By August 1913, Murphy had brought together nearly 400 employers. They demanded that all workers sign an undertaking not to join the ITGWU or any trade union. Those who refused were sacked. This was at a time of severe economic crisis.
Larkin called out the workers at the Dublin Tramways Company on 26 August. In the subsequent months, Larkin and countless others would face arrest, imprisonment and brutal police repression.
By 22 September, 25,000 workers were locked out by a succession of companies. The conditions of working-class people deteriorated, highlighted by the plight of starving children.
By November, James Connolly was at the head of the trade unionists’ Irish Citizen Army. Dublin port was closed down by strike action. Jim Larkin embarked on a tour to build support from the British workers’ movement. Despite huge rank-and-file solidarity, however, leaders of the TUC organised to block official action. Against all the odds, the struggle in Dublin continued up to the end of February 1914.
To commemorate the 1913 centenary the Socialist Party in Ireland has published a new assessment of this heroic struggle. Let Us Rise not only examines the events of 1913, it also argues that the struggle is extremely relevant to the situation in Ireland today. Facing a brutal assault on living and working conditions, in the form of savage government-driven austerity, workers in Ireland have no alternative but to fight back.
In the examples of Jim Larkin, James Connolly, the thousands of rank-and-file activists, and determined, mass united working-class action, the Dublin lockout can shine a bright light on the way forward for the workers’ movement today. But it can only do so if the lessons of that struggle are fully absorbed, and if the trade union movement gets off its knees.
’Let Us Rise’ is an important contribution to drawing those lessons. And we print below an extract from the concluding chapter, written by JOE HIGGINS, Socialist Party TD (member of the Irish parliament), responding to attempts by union leaders today to rewrite the history of the Dublin lockout for their own purposes.
There is a huge amount to celebrate about the 1913 Dublin Lockout. The ability of the men and women to conduct a mass struggle against a cartel of big-business interests with unlimited resources for more than six months and the fighting methods used helped establish a tradition of industrial militancy that was essential to win better living standards and rights in the decades that followed.
The events of 1913 were a revolt against the brutal conditions of capitalism. Unfortunately, we still have the same system today, now wracked by potentially the worst crisis in its history, where rights and conditions are being savaged with no end in sight. A majority of people in Ireland are opposed to the draconian austerity imposed since 2008 by two different governments. The establishment parties decided that the European financial system and its big bankers and bondholders should be bailed out from the financial crash resulting from decades of liberalisation, privatisation and unbridled speculation and profiteering.
In celebrating 1913, the Socialist Party wants to give an accurate representation of the events, as many others, including some trade union leaders today, have reasons for distorting what happened.
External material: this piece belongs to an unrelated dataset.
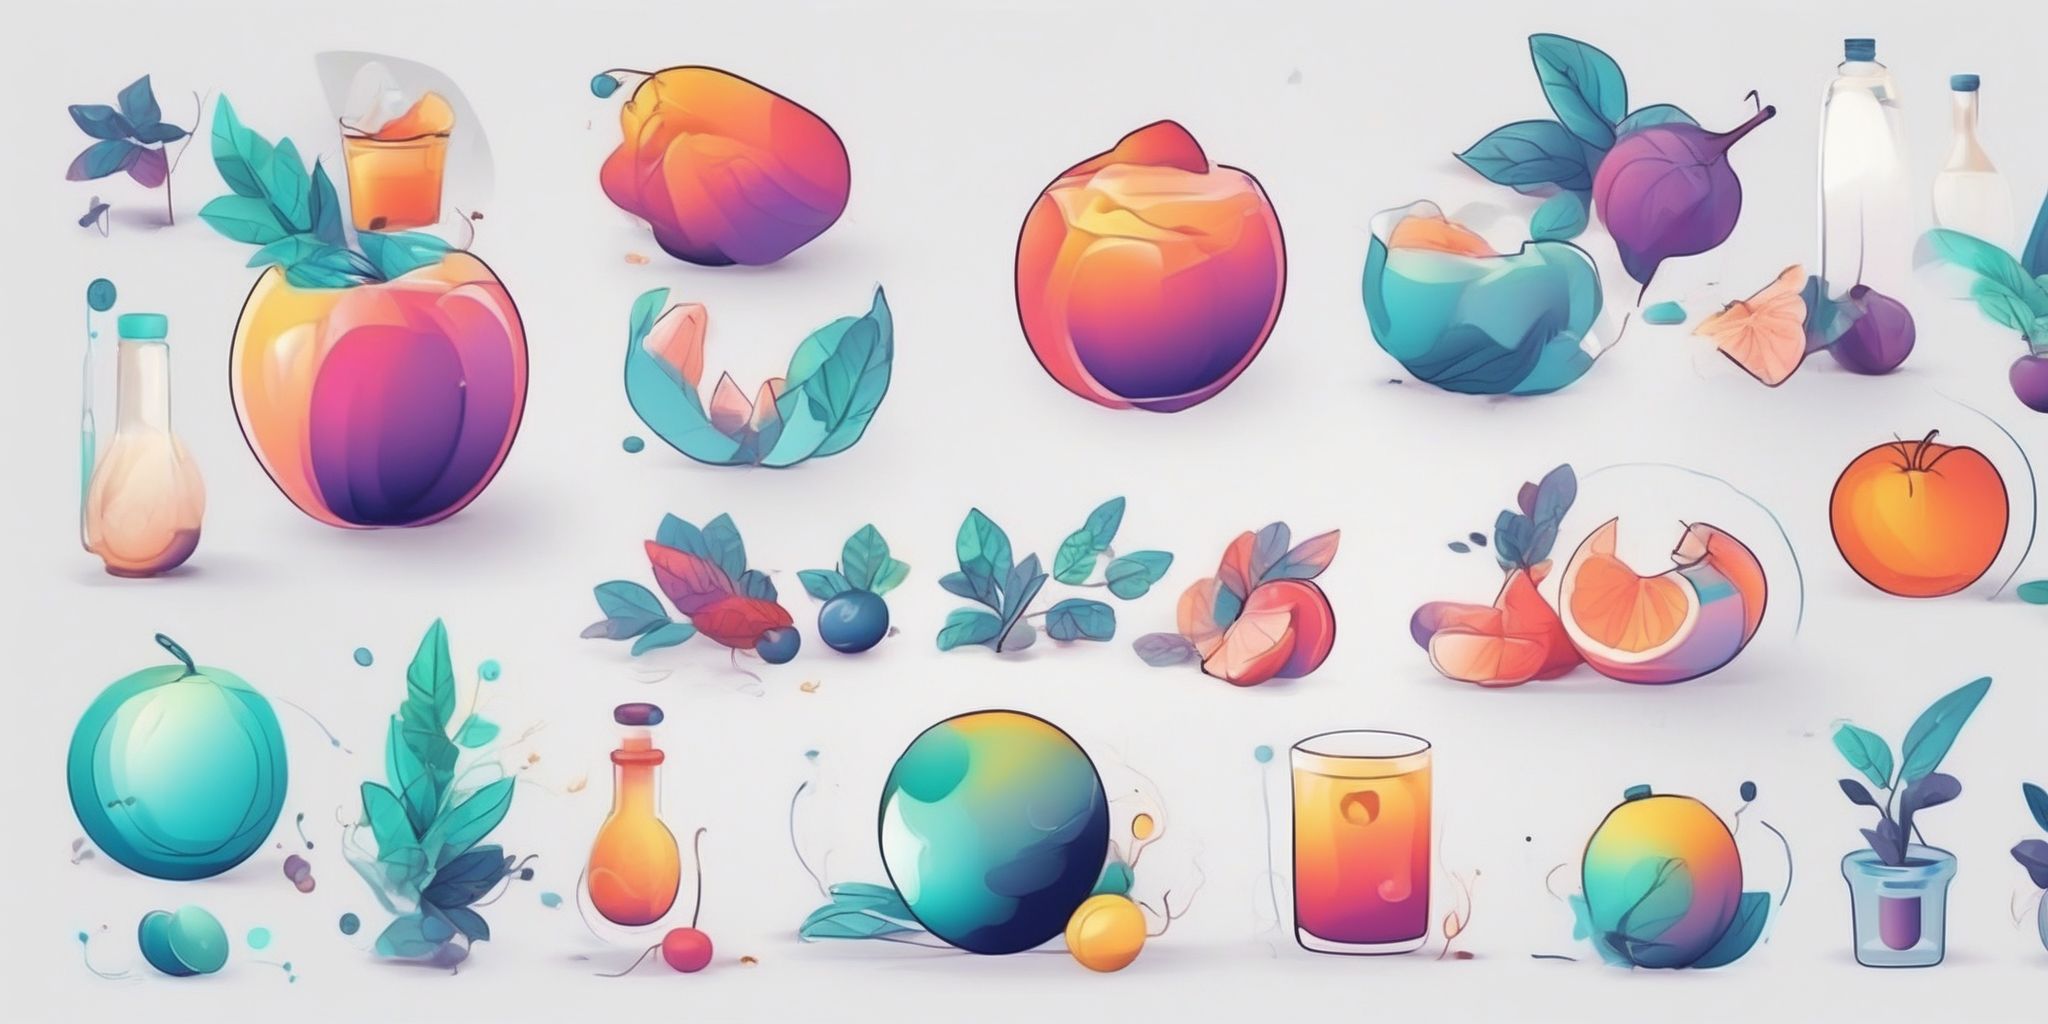 Basics in illustration style with gradients and white background

It is important to put the record straight, and to take up comments made by Jack O’Connor, general president of the Services Industrial Professional and Technical Union (SIPTU), on 30 January this year, in a speech to mark the 66th anniversary of the death of Jim Larkin, one of the main leaders of the Lockout.
During the Lockout, the sacrifices made and the fighting spirit and dignity displayed by the workers throw into sharp relief the mouse-like timidity of the main trade union leaders of the present day. Yet even they have to celebrate Larkin and 1913. On the one hand, they try to reflect the glory of this historic struggle as their own reputations continue to slump among working-class people because of their failure to fight or provide any alternative to austerity. On the other hand, they also must subvert the real meaning of 1913 and what Larkin stood for in order to try to camouflage their dismal role today.
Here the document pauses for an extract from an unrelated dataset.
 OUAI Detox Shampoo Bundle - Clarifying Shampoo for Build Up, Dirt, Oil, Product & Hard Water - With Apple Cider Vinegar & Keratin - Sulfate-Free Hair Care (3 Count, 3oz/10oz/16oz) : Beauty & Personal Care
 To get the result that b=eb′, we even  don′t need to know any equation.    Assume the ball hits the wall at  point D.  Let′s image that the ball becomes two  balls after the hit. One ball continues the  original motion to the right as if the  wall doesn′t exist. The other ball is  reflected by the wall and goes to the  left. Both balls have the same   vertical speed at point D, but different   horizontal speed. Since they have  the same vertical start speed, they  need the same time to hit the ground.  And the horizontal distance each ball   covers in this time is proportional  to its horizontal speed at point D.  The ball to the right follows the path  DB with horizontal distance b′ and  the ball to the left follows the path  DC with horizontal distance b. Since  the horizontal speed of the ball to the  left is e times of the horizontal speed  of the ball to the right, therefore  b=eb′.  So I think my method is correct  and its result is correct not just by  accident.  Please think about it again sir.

On 9 February this year, 50,000 to 60,000 people marched in different locations around the country on a day of action called by the Irish Congress of Trade Unions (ICTU). In ‘normal’ times this would be a significant turnout. However, given that opposition to austerity is growing, the turnout was only half what the ICTU was aiming for and indicates that it has lost its authority among broad sections of workers.
For the rally at the end of the Dublin march, the ICTU had a huge screen erected on Merrion Square. Powerful images of Larkin addressing workers were displayed. The cynical hypocrisy of this was evident as David Begg, general secretary of the ICTU, in a brief speech, advanced no plans for real action to fight austerity. Insult was added to injury when this was followed only by singers and comedy acts. Perhaps because they would know me as a long time Socialist Party public representative, I was approached by group after group of workers registering their utter disgust at the ICTU.
Subverting Larkin’s legacy
Jack O’Connor was formerly an official with the Federated Workers Union of Ireland (FWUI). It and the Irish Transport and General Workers Union (ITGWU) were the two unions that Jim Larkin founded. In 1990 they united to form SIPTU, by far the biggest union in the state. While O’Connor complimented Larkin, even speaking positively about his Marxist analysis, the speech was an attempt to abuse Larkin’s legacy to justify the inaction or, more accurately, monstrous betrayal of the general trade union leadership today.
Standing alongside Larkin’s grave in Glasnevin, Jack O’Connor said: “They [left-wing critics of the trade union leaders] assume that Jim Larkin, were he alive today, would lead the charge. They conveniently forget that Larkin did not start the great Dublin Lockout, and that, in fact, he counselled members against voting for strike action on 25 August 1913. Larkin also called for binding arbitration during the course of the dispute to end the employers’ offensive. Of course, once war was declared, Jim Larkin fought to win with every morsel of his being… But the reality was that, no less than any leader, and he was a brilliant leader, he would not choose to lead vulnerable men and women and their families into a head-on collision with overwhelmingly superior forces…
“We were not prepared to lead tens of thousands of workers into an enormous confrontation in which they would be depicted as a minority of one-sixth of the workforce jeopardising the interests of the other five-sixths”.
The reality is that, since mid-August 1913, Larkin had been trying to spread the boycotting of newspapers owned by William Martin Murphy, who was at the forefront of the assault on workers’ conditions and their organisations. Since July, Larkin and the ITGWU had been engaged in efforts to recruit workers at the Dublin United Tramways Company (DUTC), which Murphy also owned, in preparation for action. Larkin was aware that Murphy was preparing, too, but caution regarding the DUTC was mainly because he wanted to try to ensure the support of the workers at the DUTC power station in Ringsend before taking action.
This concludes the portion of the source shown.